# Italy's 33th round



## italianBBlover (Mar 5, 2003)

Virtus Rome VS Oregon Scientific Cantù *104-74* 
Acegas Trieste VS Benetton Treviso *72-85* 
Lauretana Biella VS Virtus Bologna *104-69* 
Viola Reggio Calabria VS Scavolini Pesaro *99-91* 
Montepaschi Siena VS Euro Roseto *97-74* 
Carifac Fabriano VS Metis Varese *70-76* 
Pompea Naples VS Snaidero Udine *92-86* 
Pippo Milan VS Air Avellino *84-78* 
Skipper Bologna VS Mabo Livorno *107-87* 

------------------

Squadra Pun V P 
1. Benetton TV *58* 29-4 
2. Virtus Rome *48* 24-9 
3. Oregon Cantù *48* 24-9 
4. Montepaschi SI *42* 21-12 
5. Pippo MI *40* 20-13 
6. Skipper BO *36* 18-15 
7. Pompea NA *36* 18-15 
8. Viola RC *34* 17-16 
9. Euro Roseto *32* 16-17 
10. Lauretana BI *30* 15-18 
11. Acegas TS *30* 15-18 
12. Metis VA *26* 13-20 
13. Virtus BO *26* 13-20 
14. Air AV *26* 13-20 
15. Scavolini PS *26* 13-20 
16. Snaidero UD *24* 12-21 
17. Mabo LI *24* 12-21 
18. Carifac *8* 4-29 

--------------

TOP SCORER
Massimo Gattoni (Fabriano) *28* points

TOP REBOUNDS
Mirsad Turkcan (Siena) *15* reb. 

--------------

Next (and last) regular-season 's round

Metis Varese - Skipper Bologna 
Virtus Bologna - Montepaschi Siena 
Oregon Sc. Cantù - Acegas Trieste 
Air Avellino - Virtus Rome 
Snaidero Udine - Carifac Fabriano 
Euro Roseto - Lauretana Biella 
Benetton Treviso - Viola Reggio Calabria 
Scavolini Pesaro - Pippo Milan 
Mabo Livorno - Pompea Naples

Gretz


----------



## Marcus13 (Jul 17, 2002)

YESSSS!! GO Pompea Naples!!! They are my favorite team!


----------



## Marco Mitis (Dec 17, 2002)

*Fabriano*

Fabriano lost at overtime to Varese. Seems that more players they loose (Ira Klarck have gone Istanbul) the more will they put on the court. Kudos! They are fightin till the end.
There is still big incertainty on who will take the last spots for the play offs, and Virtus Bologna at this point will probabily be out.
How the mighty have fallen. But is the loss of Ginobili and Jaric (and Rigadeau but the ship was already sinking) enough to justify such a disappintment? What's in store for the future" I read on the papers that dark clouds are over the club. (read=possible bankrupcy).

Who could beat Treviso?
Cantu-they are on the short side but they have will, desire.
Roma-the team is growing, is deep and have talent. But is humoral. 
Siena-no, please..be serius..


----------



## italianBBlover (Mar 5, 2003)

*Re: Fabriano*



> Originally posted by <b>Marco Mitis</b>!
> Fabriano lost at overtime to Varese. Seems that more players they loose (Ira Klarck have gone Istanbul) the more will they put on the court. Kudos! They are fightin till the end.
> There is still big incertainty on who will take the last spots for the play offs, and Virtus Bologna at this point will probabily be out.
> How the mighty have fallen. But is the loss of Ginobili and Jaric (and Rigadeau but the ship was already sinking) enough to justify such a disappintment? What's in store for the future" I read on the papers that dark clouds are over the club. (read=possible bankrupcy).
> ...


Yep ...

- maximum respect to the actual Fabriano's players !

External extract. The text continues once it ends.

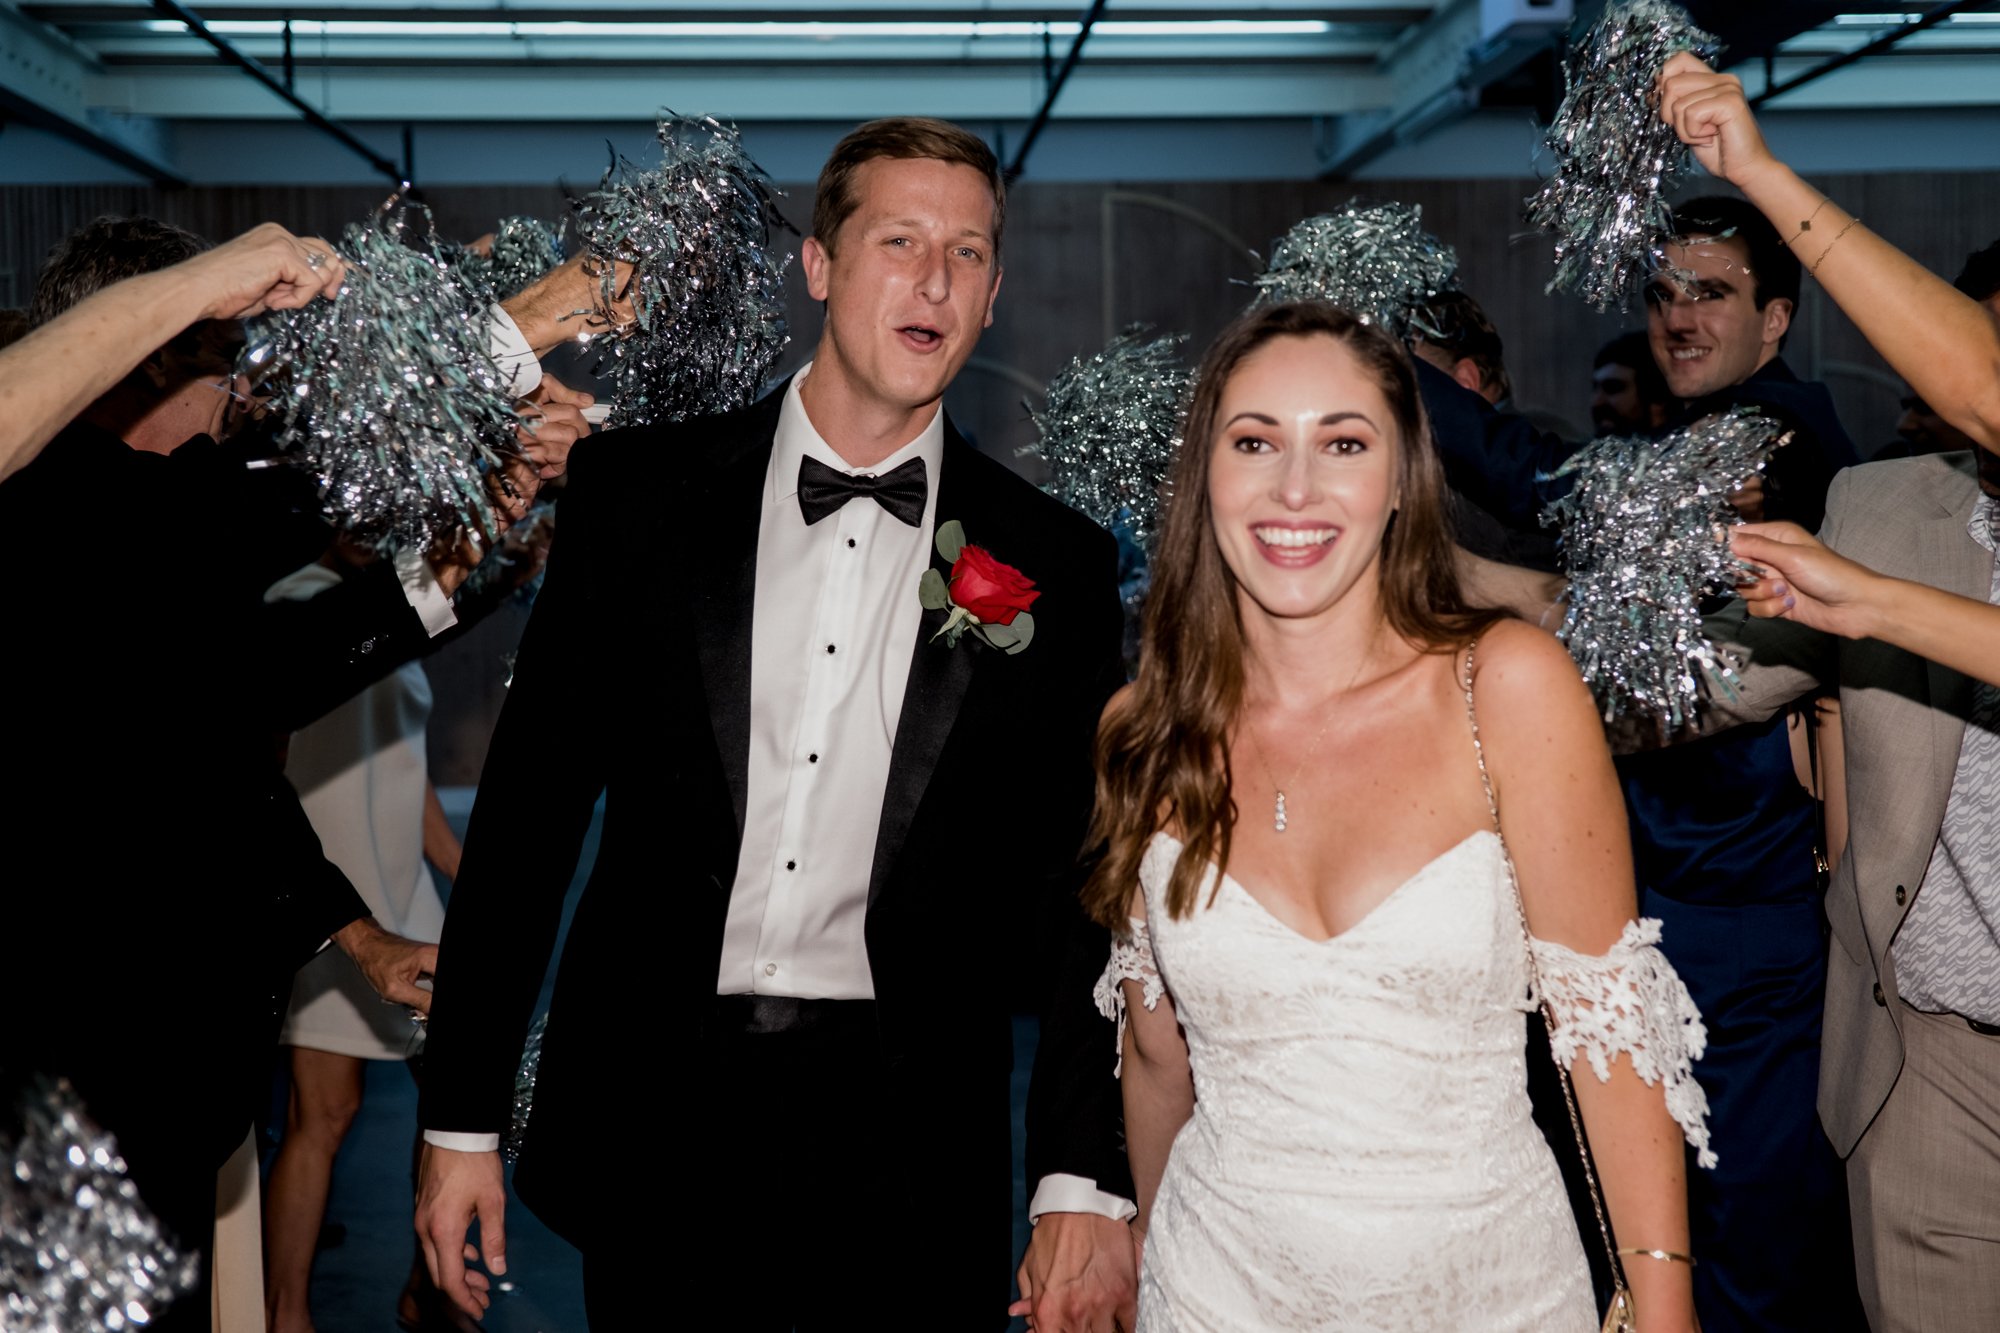 Grand exit bride and groom send off with silver pom poms at Ronin Harrisburg

- Virtus Bologna is in his lower situation since the early '70s ...

- Who could beat Treviso ? Cantù has now problem because is without his great playmaker McCullough, Rome is very strong and I think that is the one that can beat Treviso, Siena is too humoral and with some "unstable" superstar ...

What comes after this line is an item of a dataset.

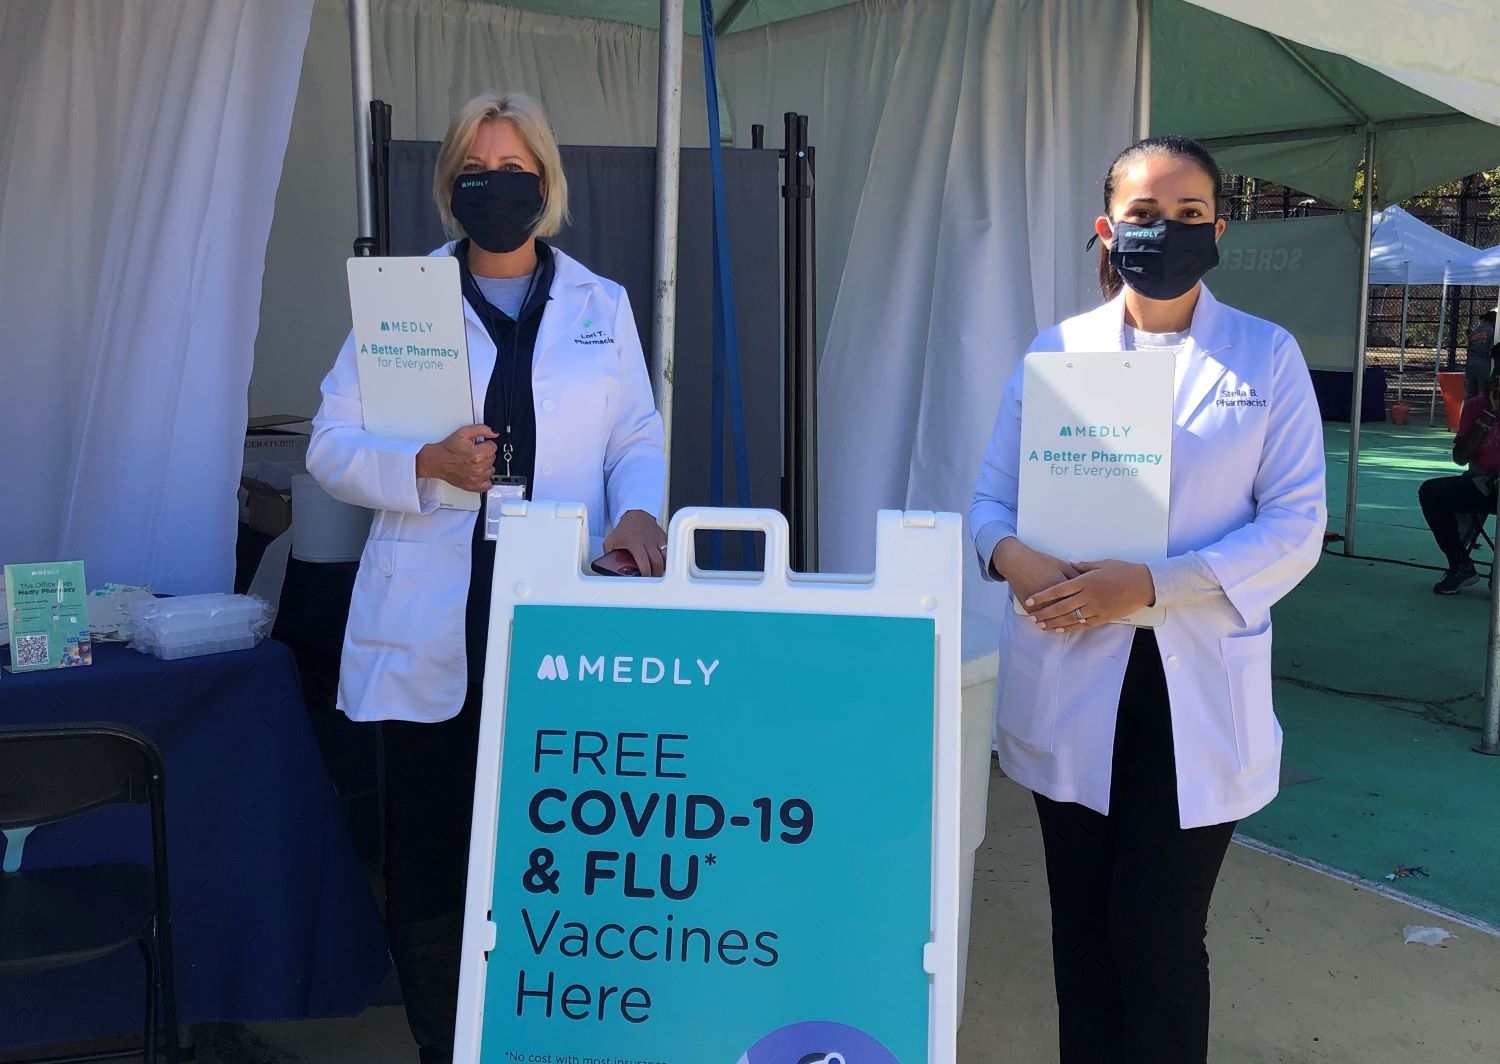 Medly Pharmacy staff at a COVID vaccine site

All to see the next playoff !!


----------



## qwertyu (Dec 29, 2002)

yep Kinder is really missing Ginobili, Jaric and to some extent Rigeaudau.


----------



## Marco Mitis (Dec 17, 2002)

*Re: Re: Fabriano*



> Originally posted by <b>italianBBlover</b>!
> 
> 
> Yep ...
> ...


You can add Ettore Messina as well...
But is the club itself and his working style that is falling apart. The change in property of 2 years ago is going to kill Virtus.


----------